[SCM] CTDB repository - branch master updated -
ctdb-1.0.65-20-g32d460b
Ronnie Sahlberg
sahlberg at samba.org
Fri Dec 5 05:16:39 GMT 2008
The branch, master has been updated
via 32d460b8469eb53145f04161a5d01166f9b5f09e (commit)
from 5d3018c37179966f75183d9a98790eaaaf1d2cfc (commit)

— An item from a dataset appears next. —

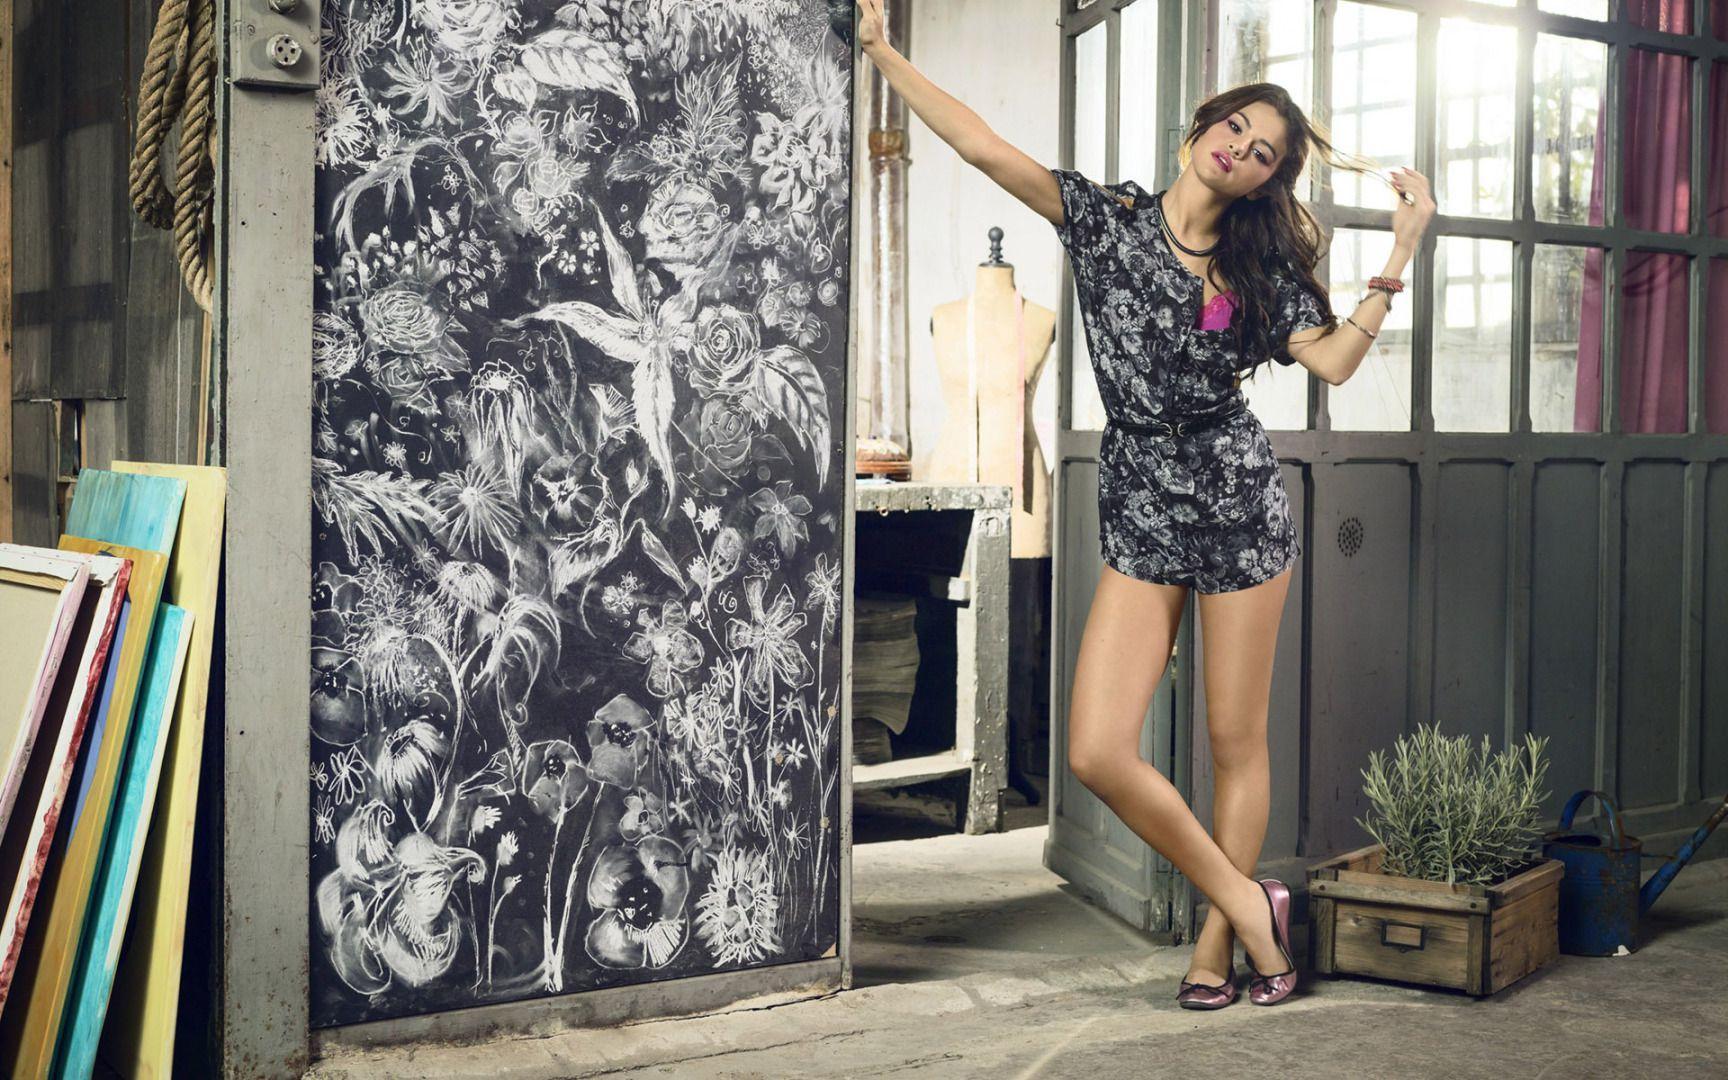 Download Selena Gomez Hot Hd Wallpapers Hd Backgrounds

http://gitweb.samba.org/?p=sahlberg/ctdb.git;a=shortlog;h=master
- Log -----------------------------------------------------------------
commit 32d460b8469eb53145f04161a5d01166f9b5f09e
Author: root <root at test1n1.VSOFS1.COM>
Date: Fri Dec 5 16:32:30 2008 +1100
redo and update how we synchronize flags across the cluster.
this simplifies the code and should close a race condition between the local recovery daemon and a remote node when flags are changing.
-----------------------------------------------------------------------
Summary of changes:
server/ctdb_recoverd.c | 168 ++++++++++++++++++++++++++++++------------------
tcp/tcp_connect.c | 1 -
tools/ctdb.c | 45 +++++++++++++
3 files changed, 151 insertions(+), 63 deletions(-)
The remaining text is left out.